AI in customer service: where it helps and where it fails
A no-hype guide to AI in customer service: what to automate safely, where it can cost you money, and why the human in the loop is non-negotiable.
Before putting AI into your customer service, the first decision isn’t which tool to buy. It’s what you let it answer on its own and what you don’t. AI in customer service genuinely helps with the repetitive first-level work, and it fails right where it hurts most: when it closes, on its own, a commitment that binds your company. This article is about that line, where to draw it and why.

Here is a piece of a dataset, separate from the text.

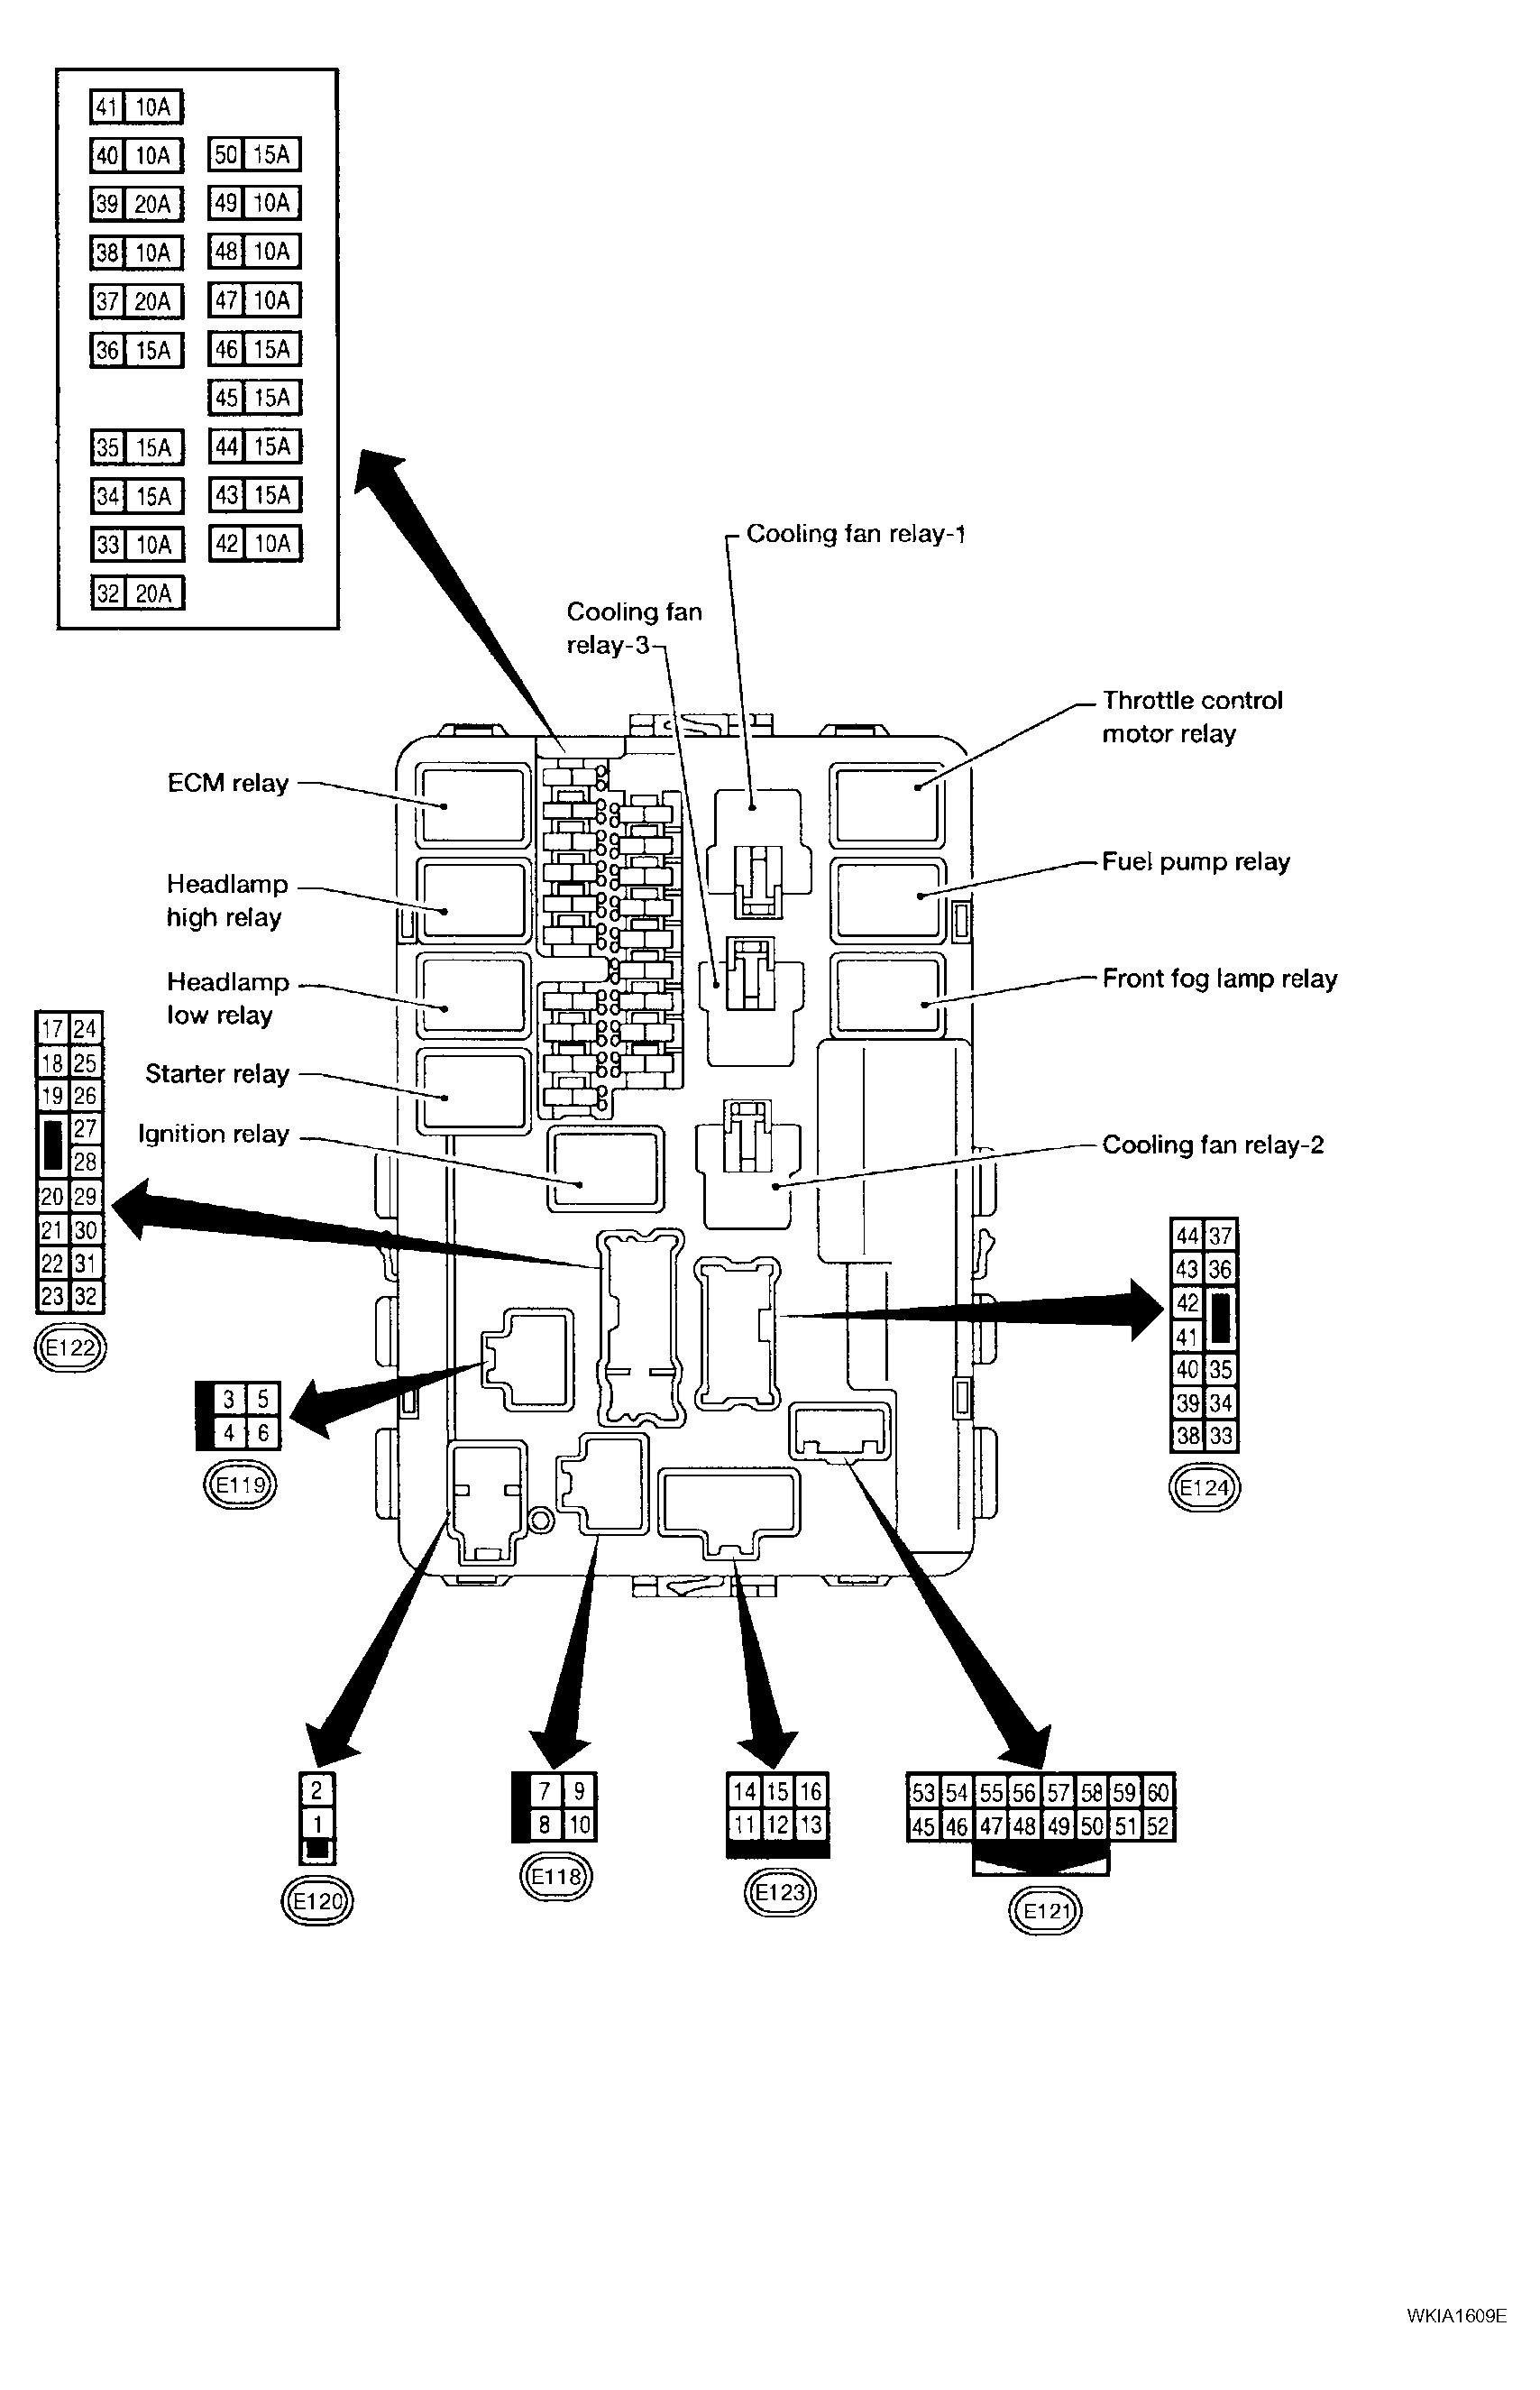 2002 Nissan Pathfinder Engine Diagram 2002 Nissan Xterra Radio Wiring Diagram Shahsramblings Of 2002 Nissan Pathfinder Engine Diagram
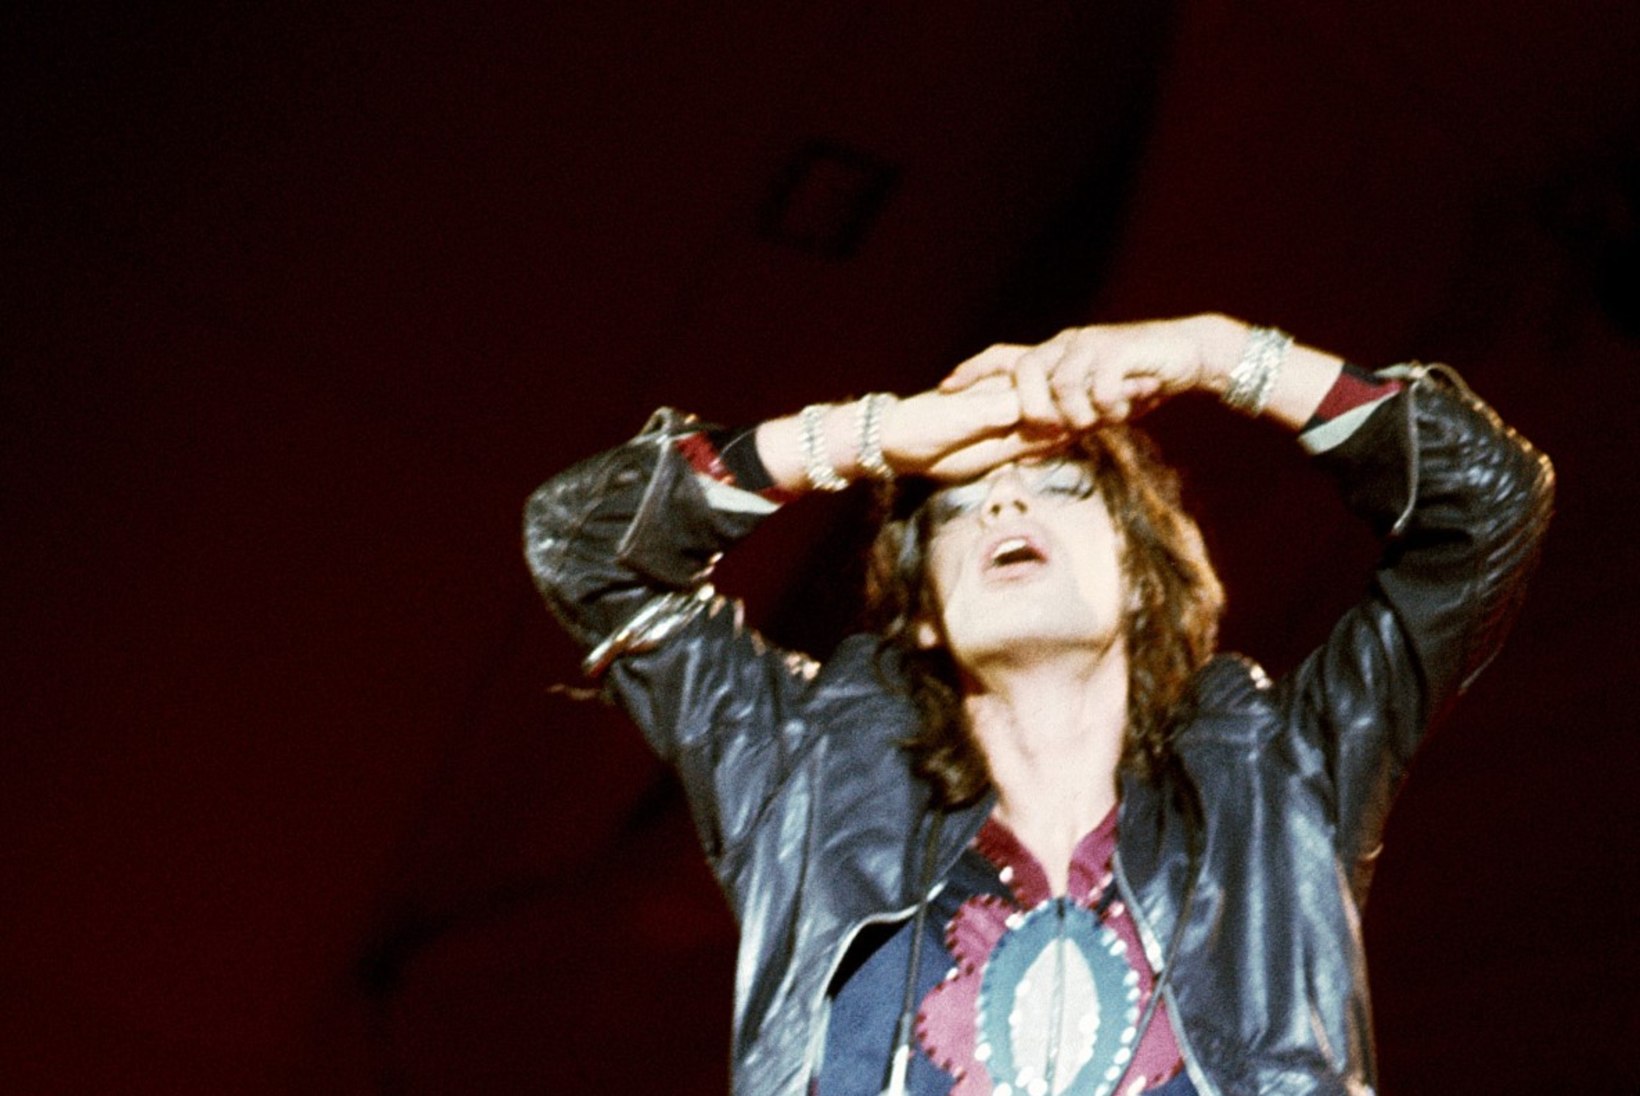 Mick Jagger ostis LSD mõju all olles lossi

I’ll use two technical terms and I’ll define them now so I don’t lean on jargon later. An LLM (a “language model”) is a system that generates the most probable text for a given question. It isn’t a database with your policies inside: it doesn’t look up a fact and return it, it drafts an answer that sounds right. And a hallucination is when that system states, with full confidence, something that isn’t true. It doesn’t flag its own doubt. It sounds just as convincing when it’s right as when it makes things up.
With those two ideas, almost everything else falls into place.
Where does AI actually help in customer service?
AI performs when the query is frequent, the answer is bounded, and the mistake is cheap to fix. That’s where a good chatbot takes volume off your plate without getting you into trouble.
Four areas where it works well:
- First level and frequently asked questions. Opening hours, how to change a password, where the invoice is, what documentation is needed. These are questions your team answers a hundred times a day and that AI can cover at any hour.
- Status of a request. “Where’s my order?”, “did you receive my application?”. If the AI checks the real system and returns the status, it adds immediate value. The key is that it reads the data, not that it guesses it.
- Triage. This means classifying every query that comes in and sending it to the right place: a technical issue to the technical team, a billing matter to admin, a serious complaint to a senior person. The AI reads the message, understands what it’s about, and routes it. It doesn’t solve the case, it places it correctly.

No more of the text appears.